The bottom line is that there is further evidence of significant slowing in manufacturing in August. While there has been some minor upticks in some of the regional manufacturing surveys in September – these are most likely bumps within a more negative trend as the cross currents from slower growth in Asia, and recession in much of Europe, continues to nip away at the very modest economic growth in the U.S.How Close To A Recession Are We?
The question now becomes with the economic data weakening how likely is the onset of a recession? The recent actions by the Federal Reserve to expand its bond buying programs by introducing a third Large Scale Asset Purchase program (QE-3) is clear evidence that they are worried about a further slide in the economy due to the pressures stemming from the Eurozone.
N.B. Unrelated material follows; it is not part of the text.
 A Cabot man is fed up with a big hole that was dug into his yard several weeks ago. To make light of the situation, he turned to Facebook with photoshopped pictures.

As shown above there is obvious weakness seeping into two of the most critical components of the economic makeup – consumer and business spending.
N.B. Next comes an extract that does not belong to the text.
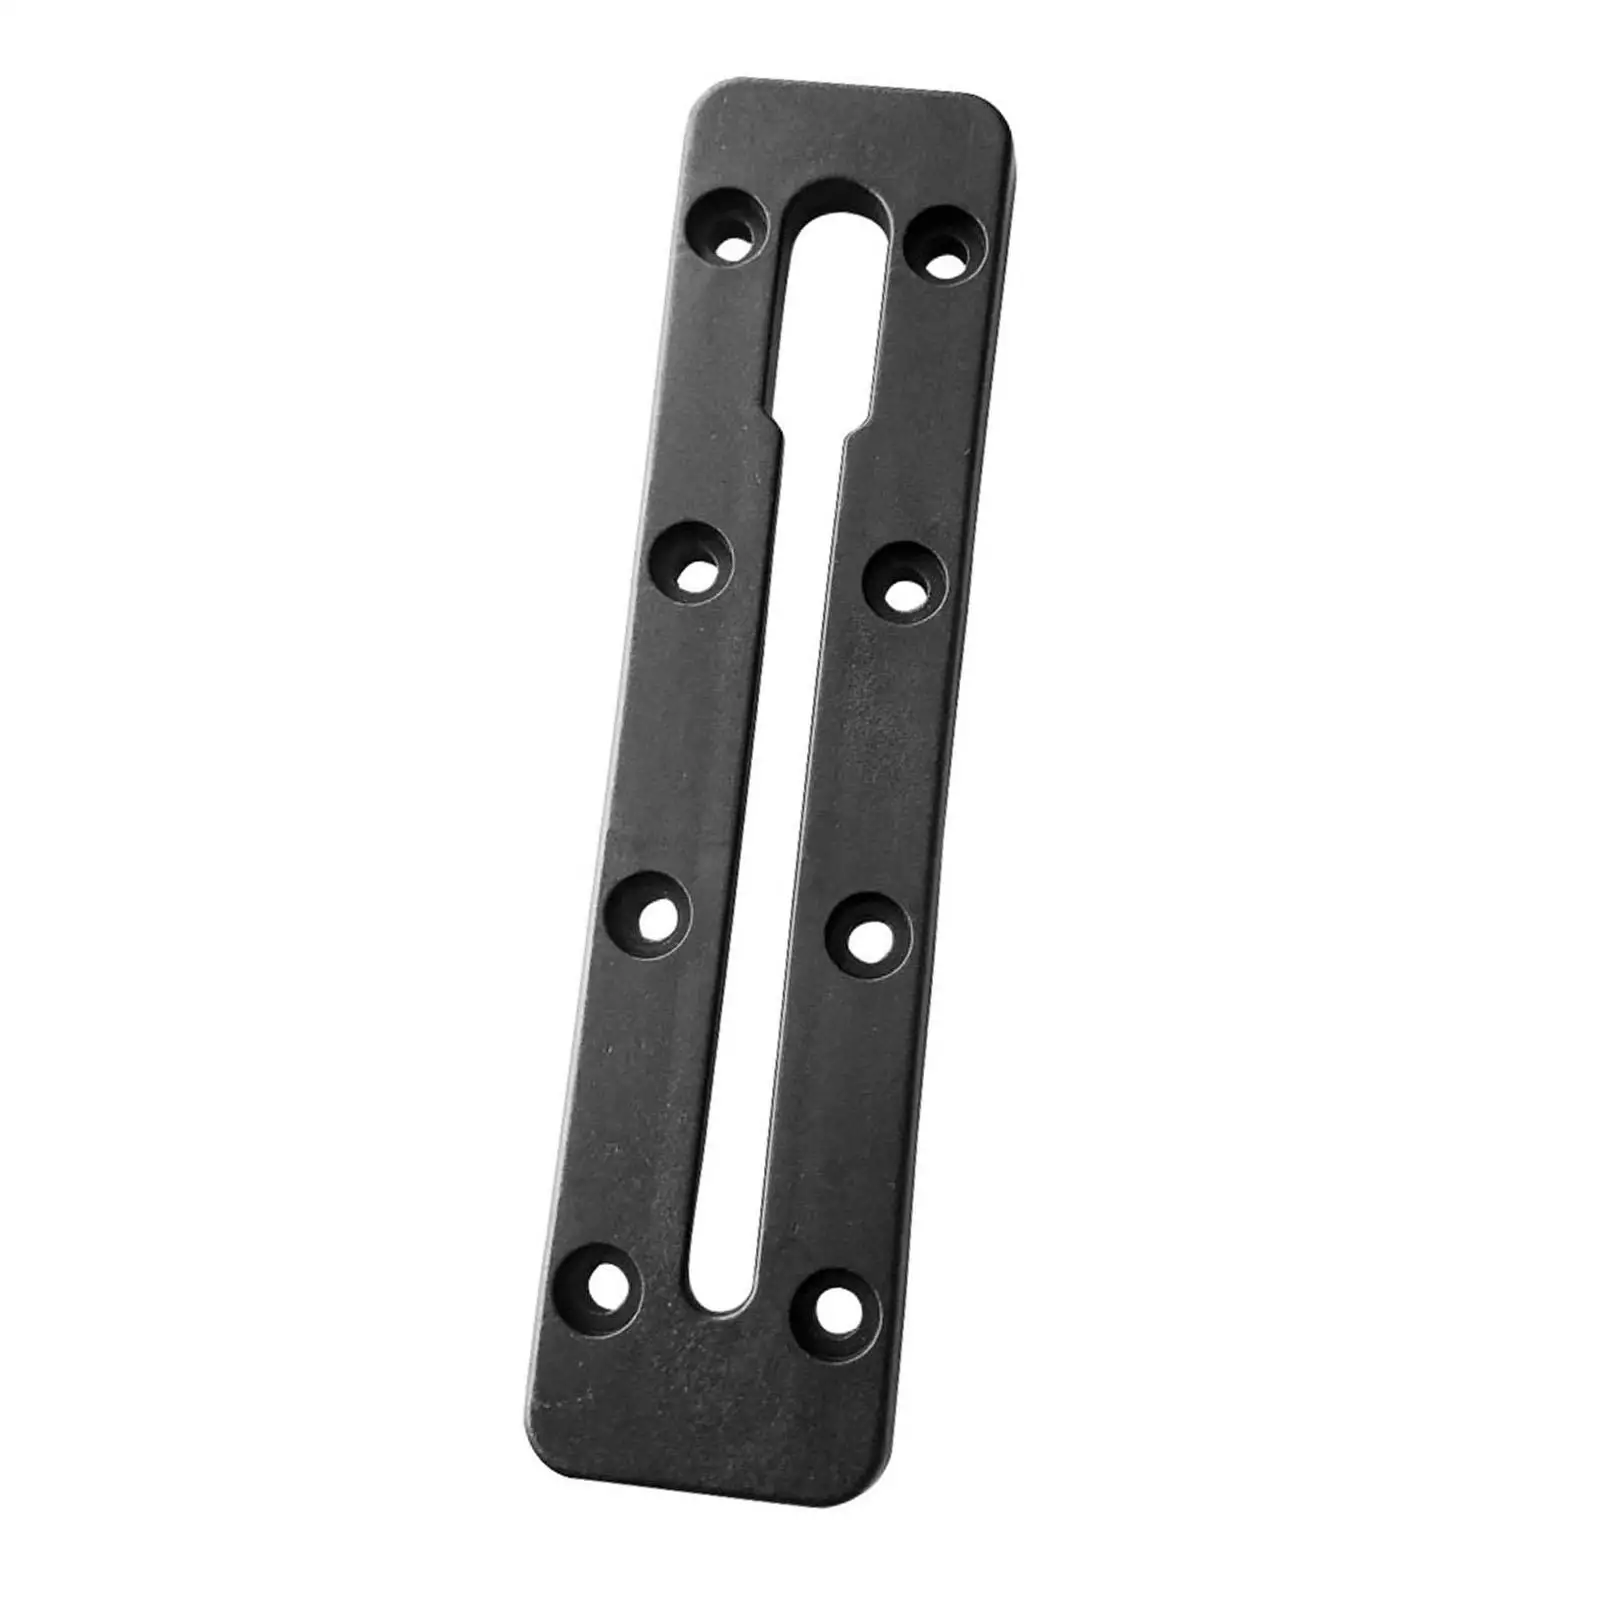 Kayak Slide Track Replaces Accessory Durable DIY Accessories Mounting Base Rack

At the current time the U.S. economy is technically not in a recession. However, as we have shown many times in the past that can change very quickly within a given quarter. The trend of the data is clearly negative, and in many cases, is getting worse. However, economists, and analysts, are quick to dismiss the trend of the data due to the Fed’s recent endeavours into further bond buying programs. However, as we discussed recently, there is little evidence that these programs have much effect on economic growth.
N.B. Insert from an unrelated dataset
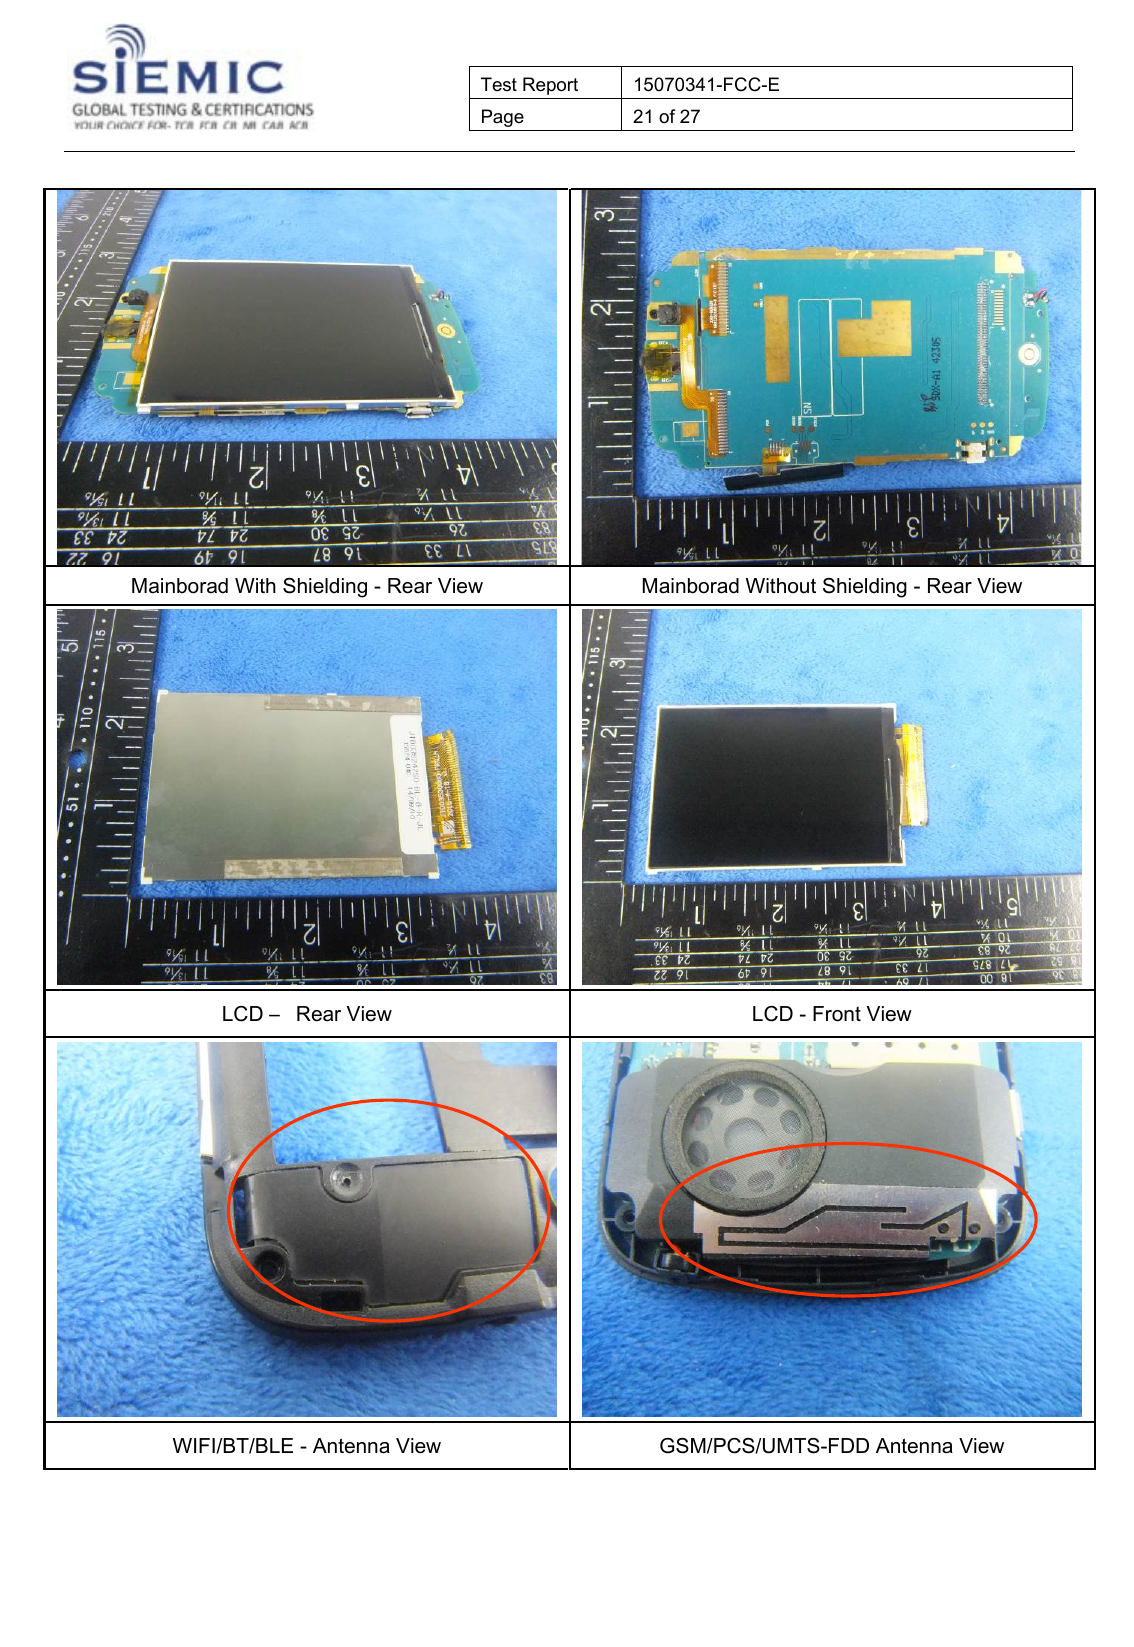   Test Report  15070341-FCC-E Page  21 of 27   Mainborad With Shielding - Rear View Mainborad Without Shielding - Rear ViewLCD –  Rear View  LCD - Front View WIFI/BT/BLE - Antenna View  GSM/PCS/UMTS-FDD Antenna View

The problem is that there is little historical precedent in the U.S. as to whether maintaining ultra-low interest rate policies, and inducing liquidity, during a balance sheet deleveraging cycle, actually leads to an economic recovery. This is particularly troublesome when looking at a large portion of the population rapidly heading towards retirement whom will become net drawers versus net contributors to the economic system. Japan is the only country that has engaged in similar practices during a debt deleveraging cycle over the last 30 plus years. The Japan experience has been that of a slow growth economy that has experienced rolling recessions roughly every three years. Yet, we have embarked on the same path expecting a different result.
While I am not yet prepared to say that we are in a recession now, as opposed to the ECRI and John Hussman, my continued estimation is still that it is likely to occur in early 2013, however, at the current run rate of the data it could well be in the fourth quarter of this year. What is important, however, is that the evidence of the potential onset of recession is mounting. As my friend Doug Short posted today: “…the real per-capita demand for durable goods had increased substantially since the trough at the end of the last recession. But orders remain far below their respective peaks near the turn of the century and earlier. Moreover, the trend in the 3-month moving average in the last chart above has been one of contraction in 2012. This fact, together with the particularly ugly August data, will be seen by ECRI and others in the ‘we’re already in a recession’ camp as strong evidence supporting their view.”
For investors this is not a time to be taking on tremendous amounts of risk within portfolios. While markets can sometimes do irrational things in the short term – it is the underlying economics, and fundamentals, that drive long term portfolio returns. Taking on risk at the wrong times, trying to chase returns, can lead you into devastating losses that take the entire next upswing to recover. This has happened twice already since the turn of the century and it will happen again – it is only a function of time. The important point for investors, who have a limited amount of time to plan and save for retirement, is that “hope” and “getting back to even” are not successful investment strategies.